The FW18 carbon-fibre composite monocoque chassis and double wishbone suspension all looked very conventional on paper. The car was clothed with the highly effective aero-package created by Adrian Newey. The few rule changes for 1996 focused on driver protection with a lower mounted seat and revised cockpit surrounds. Also carried over from the previous Williams was the Renault three-litre V10 engine, which produced a hefty 750 bhp. This power was transferred to the rear wheels through a Williams six-speed, paddle-shift gearbox.

The biggest change for 1996 was the arrival of 1995 CART Champion and Indy 500 winner Jacques Villeneuve. He was the son of the legendary Gilles Villeneuve and was joined by 1994 and 1995 runner-up Damon Hill, who himself was the son of the great Graham Hill. Villeneuve had spent over 9,000 testing kilometres to prepare himself for the new challenge. He had the controls on his FW18 set up quite differently from Hill. The pedals were aligned to suit his left-foot braking style and the up and down shift paddles were both mounted on the right-hand side of the steering wheel.

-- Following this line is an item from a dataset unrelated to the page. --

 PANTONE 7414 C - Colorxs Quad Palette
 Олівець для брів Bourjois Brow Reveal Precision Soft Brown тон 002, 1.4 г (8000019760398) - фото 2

The young Canadian made an almost perfect Formula 1 debut by grabbing pole position and setting the fastest lap in the season-opening Australian Grand Prix. In the race he had to settle for second behind his more experienced team mate. This was only the second one-two debut for a new car during the 1990s; the Williams FW14 had a similar successful debut. Later in the decade the McLaren MP4/13, also designed by Adrian Newey, would repeat that feat at its first race.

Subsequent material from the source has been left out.